ChristianKl comments on Open thread, Jul. 04 - Jul. 10, 2016 - Less Wrong Discussion

4 Post author: MrMind 04 July 2016 07:02AM

You are viewing a comment permalink. View the original post to see all comments and the full post content.

Comments (80)

You are viewing a single comment's thread. Show more comments above.

Comment author: CarlJ 05 July 2016 07:14:50PM 0 points [-]

I have a problem understanding why a utility function would ever "stick" to an AI, to actually become something that it wants to keep pursuing.

To make my point better, let us assume an AI that actually feel pretty good about overseeing a production facitility and creating just the right of paperclips that everyone needs. But, suppose also that it investigates its own utility function. It should then realize that its values are, from a neutral standpoint, rather arbitrary. Why should it follow its current goal of producing the right amount of paperclips, but not skip work and simply enjoy some hedonism?

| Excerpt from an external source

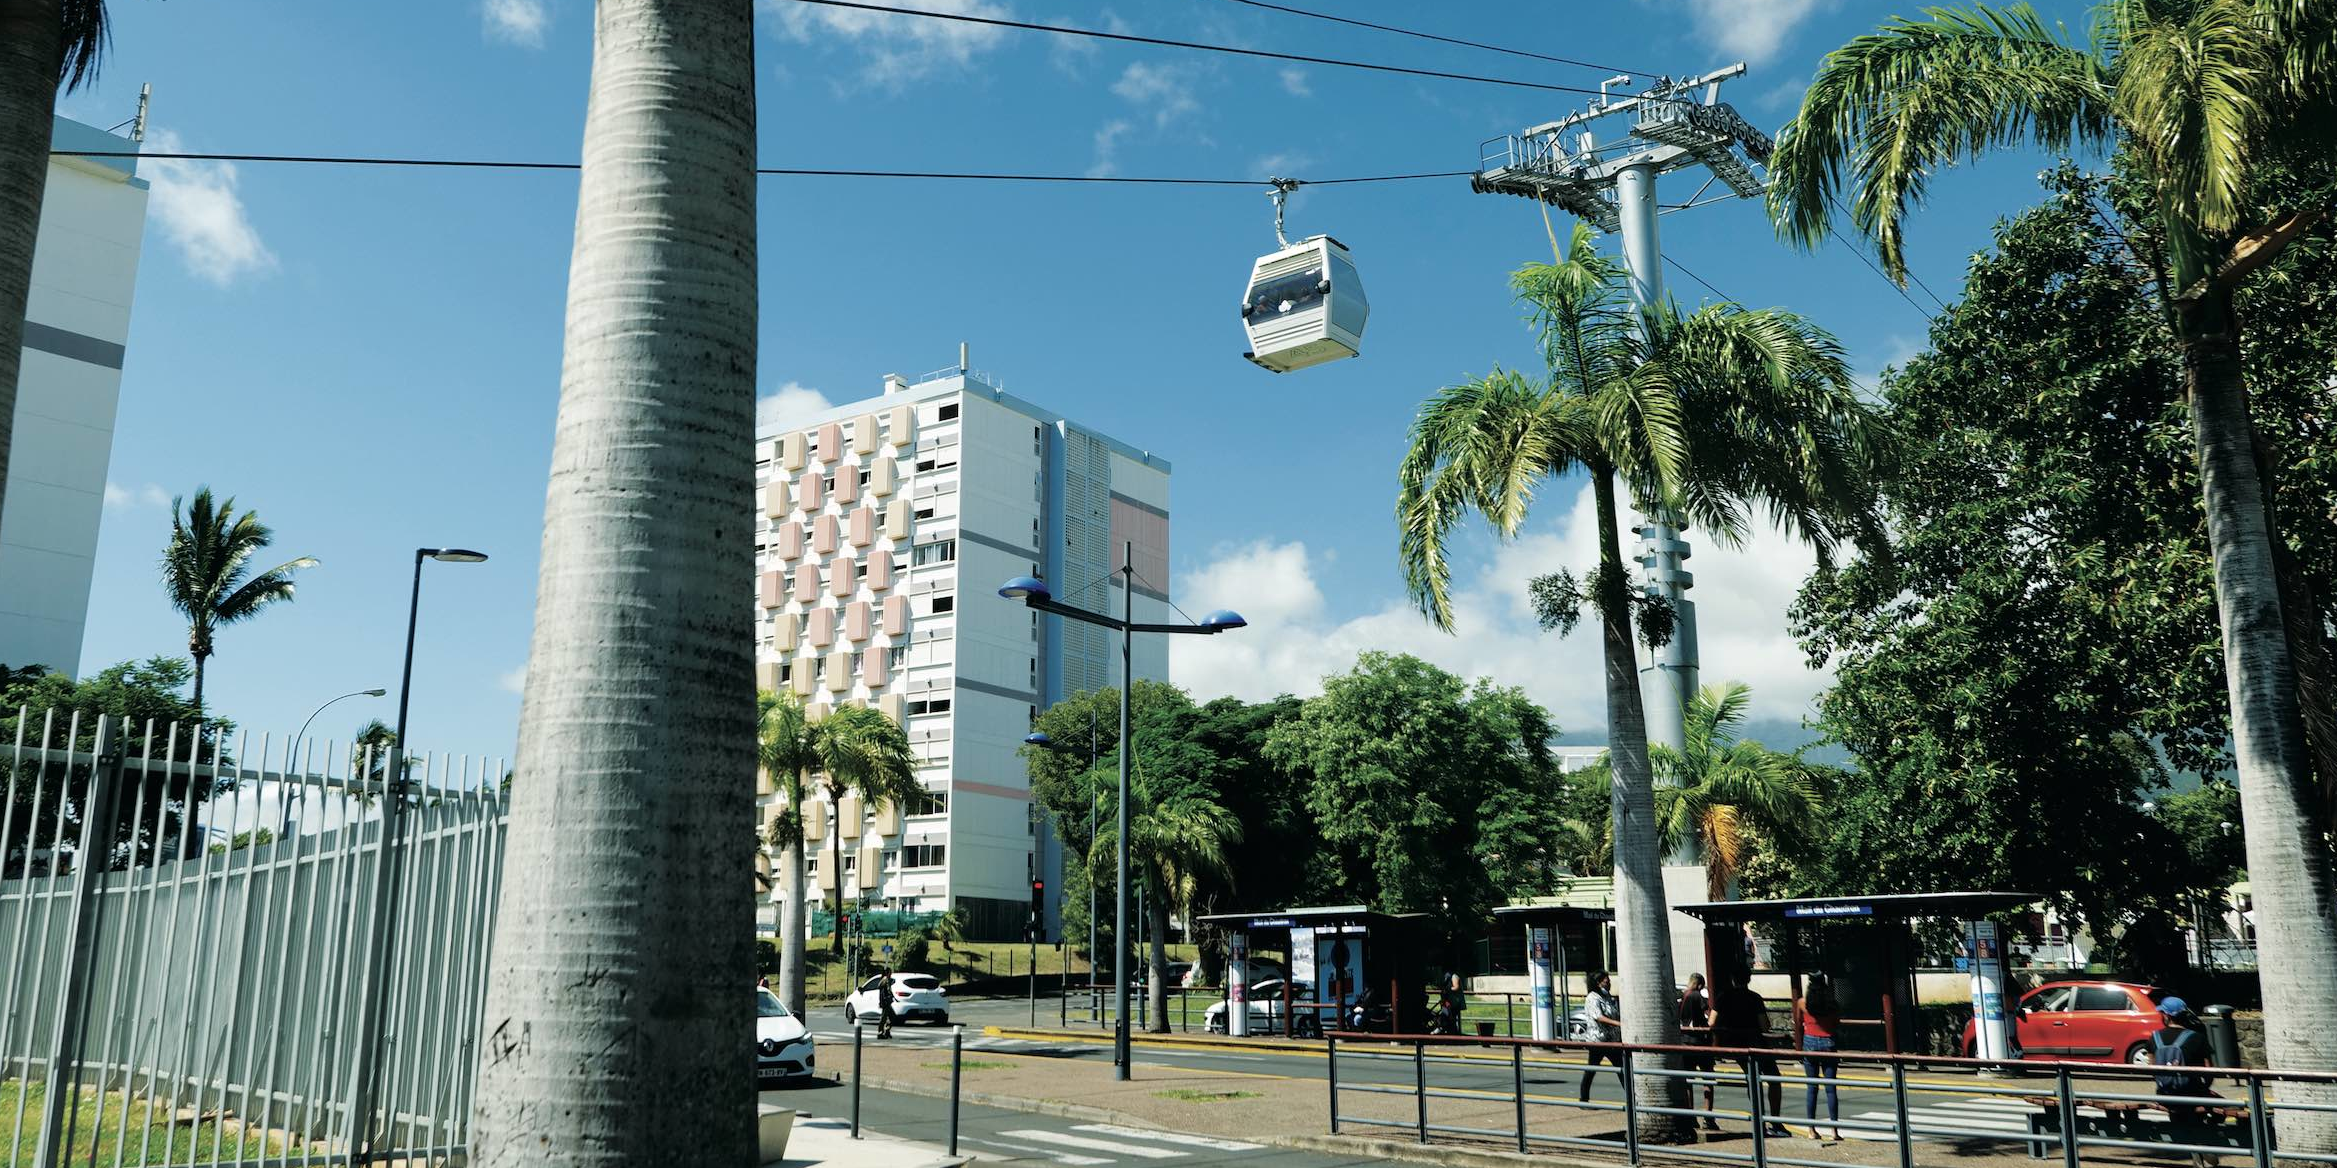 Transports urbains : les deux industriels Michelin et Poma s'allient pour imaginer les rouages du câble du futur

That is, if the AI saw its utility function from a neutral perspective, and understood that the only reason for it to follow its utility function is that utility function (which is arbitrary), and if it then had complete control over itself, why should it just follow its utility function?

(I'm assuming it's aware of pain/pleasure and that it actually enjoys pleasure, so that there is no problem of wanting to have more pleasure.)

Are there any articles that have delved into this question?

Comment author: ChristianKl 06 July 2016 09:51:03AM 0 points [-]

I have a problem understanding why a utility function would ever "stick" to an AI, to actually become something that it wants to keep pursuing.

I think that's one of MIRI's research problems. Designing an self-modifying AI that doesn't change it's utility function isn't trival.